Вошла женщина в туго застегнутом халате. Она прошла мимо Марины, потрогала рукой подоконник, как будто у нее возникло сомнение, на месте ли он, не упал ли ненароком за окошко, мало ли что случается с этими современными подоконниками.
– Ну что? – спросил бывший муж. – Что случилось?
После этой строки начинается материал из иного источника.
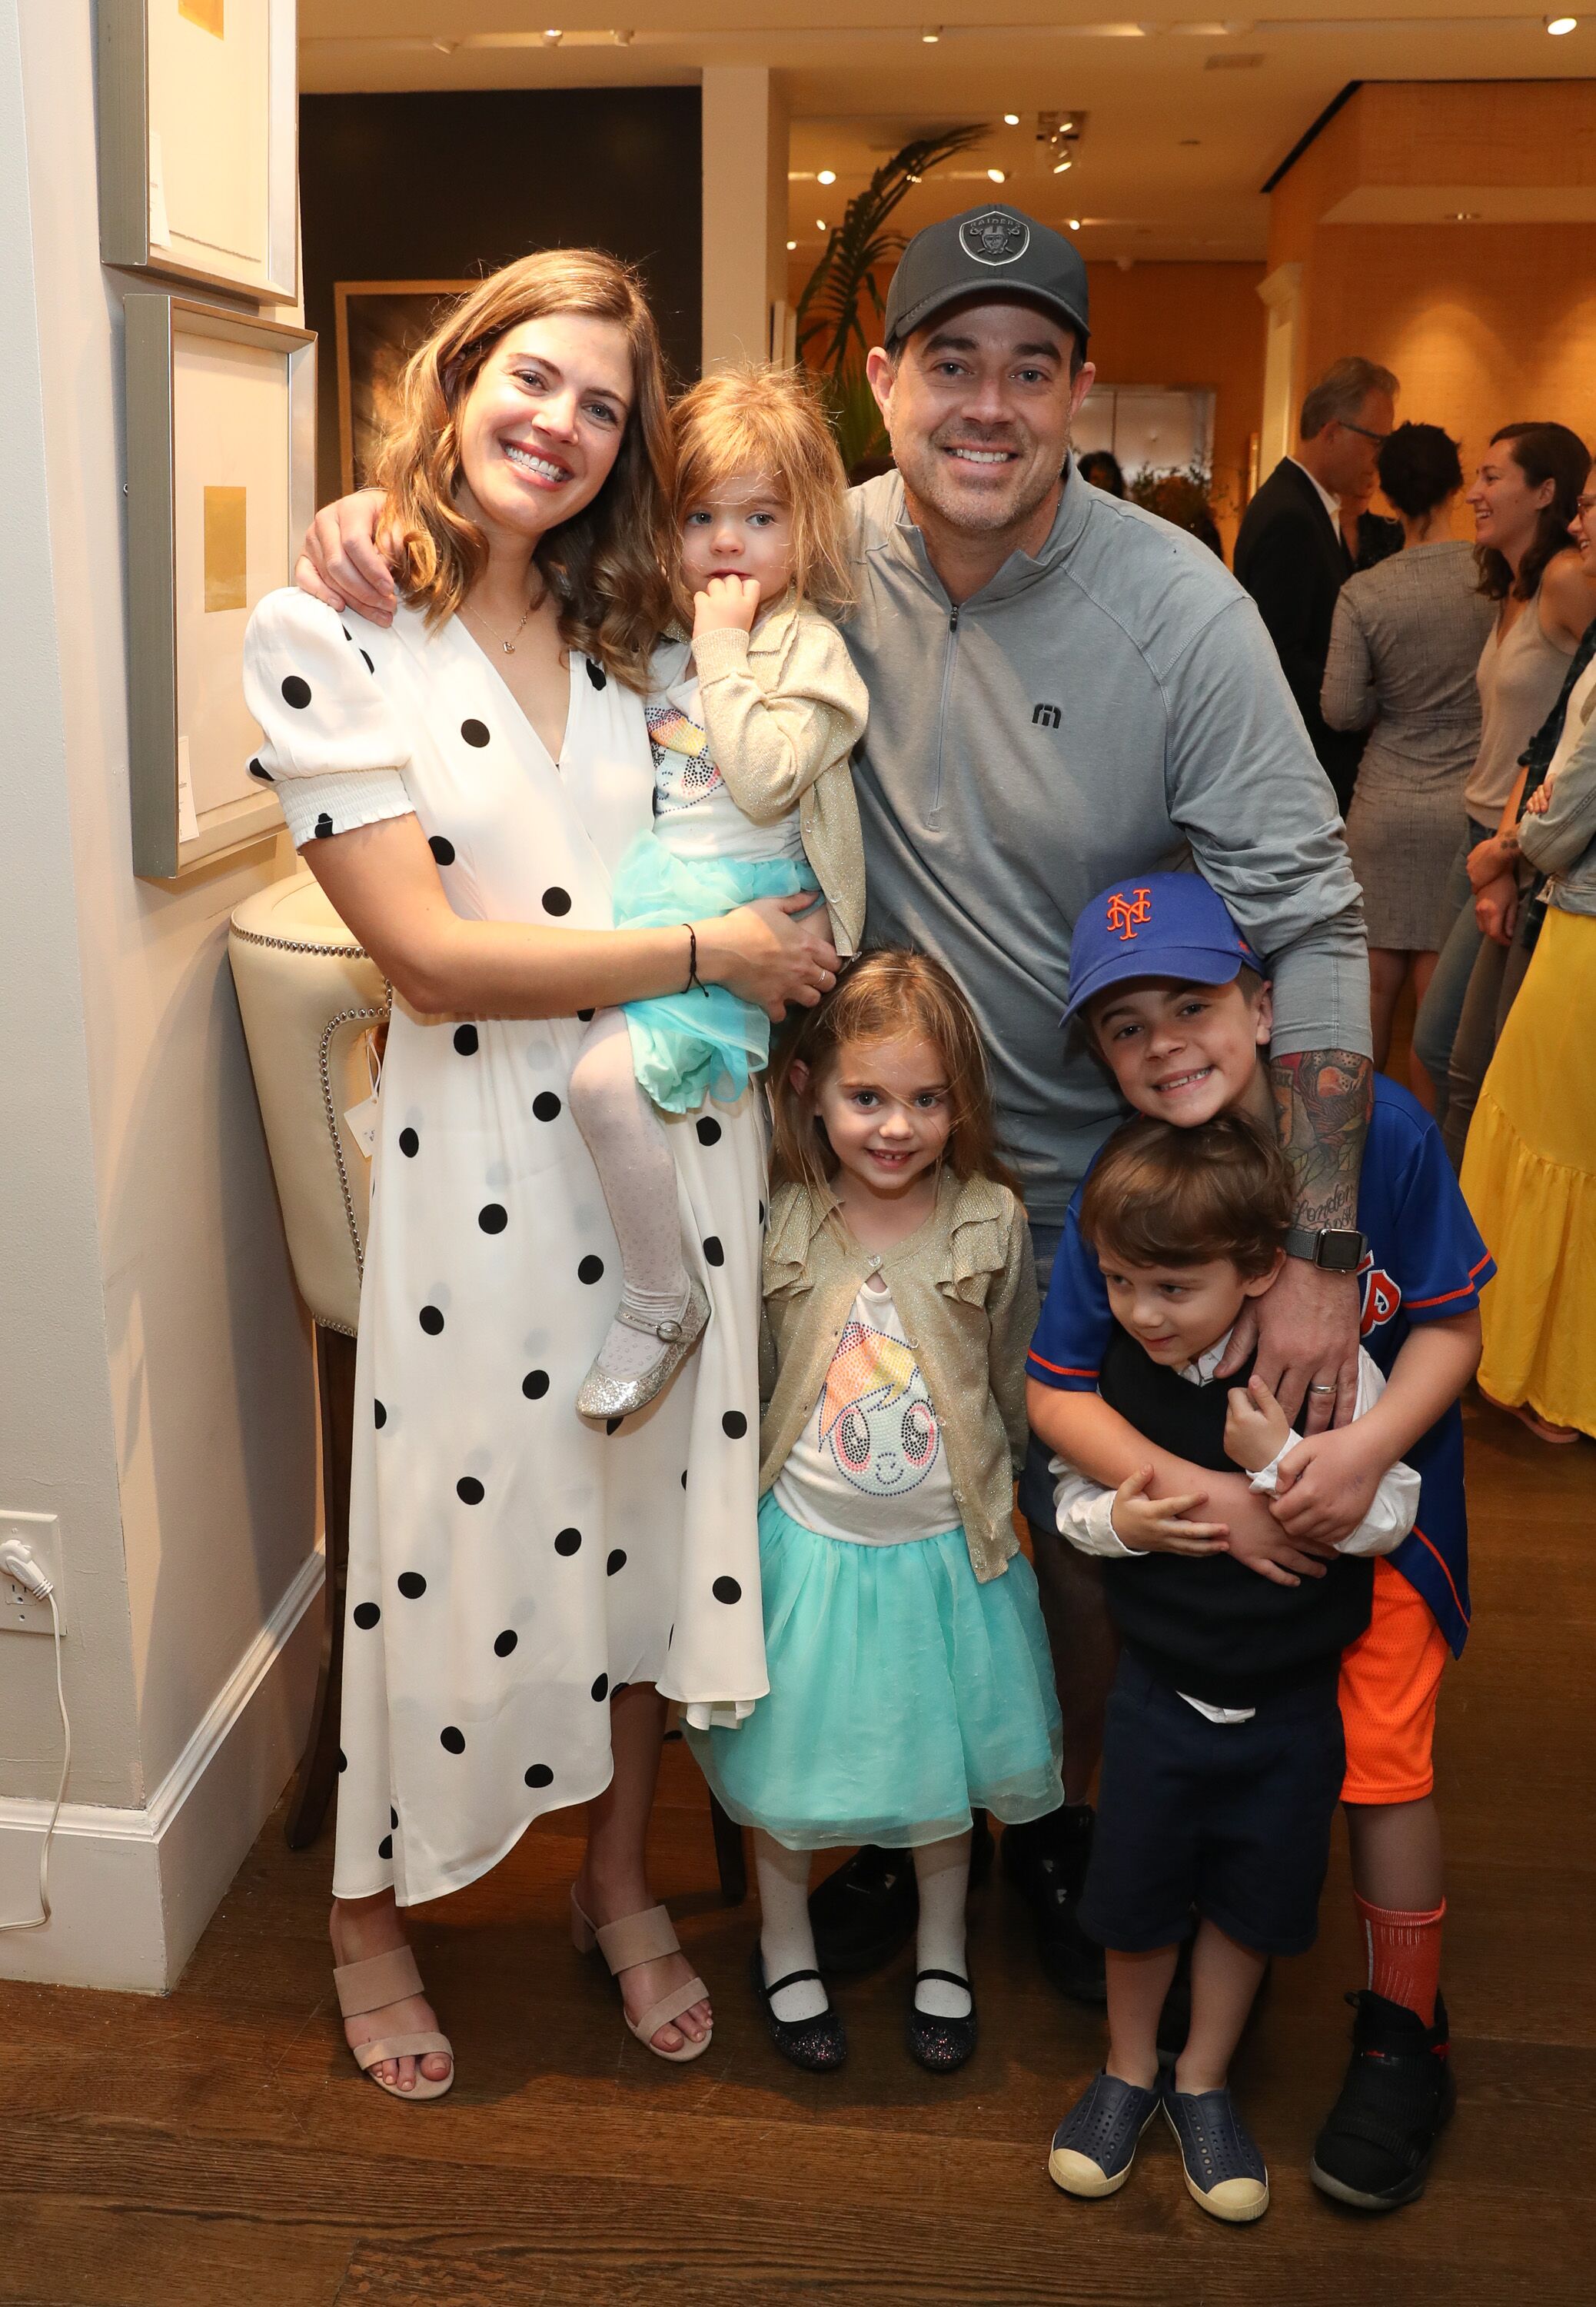 Siri Daly and Carson Daly, and family, attend "Siriously Delicious" by Siri Daly book launch event at Williams Sonoma Columbus Circle on April 14, 2018 in New York City. | Source: Getty Images

Тогда, когда он уходил, он сказал – по первому зову. Всегда. В любой ситуации… Она должна помнить… Деньги – это мура… Это безусловно… Он про другое. Про зов. Получилось, что не было ситуации. Получилось, что ей от него нужны были только деньги. Никогда никакого зова. Один раз встретились, и он тогда похвастался здоровьем своих огненных мальчишек. Мишка же, умница, лишних вопросов не задавал. Знал: папа с мамой разошлись по-хорошему. Мало ли такого в жизни? Не приставал: «Хочу увидеть отца» – прочее. Сама сказала: «Посмотри, пожалуйства, это твой отец. На фотографии. Нравится?..» «Ничего…» «Узнаешь на улице?» «Ты же знаешь мои глаза». Вот-вот, плохое зрение в этом случае вроде бы даже было благом…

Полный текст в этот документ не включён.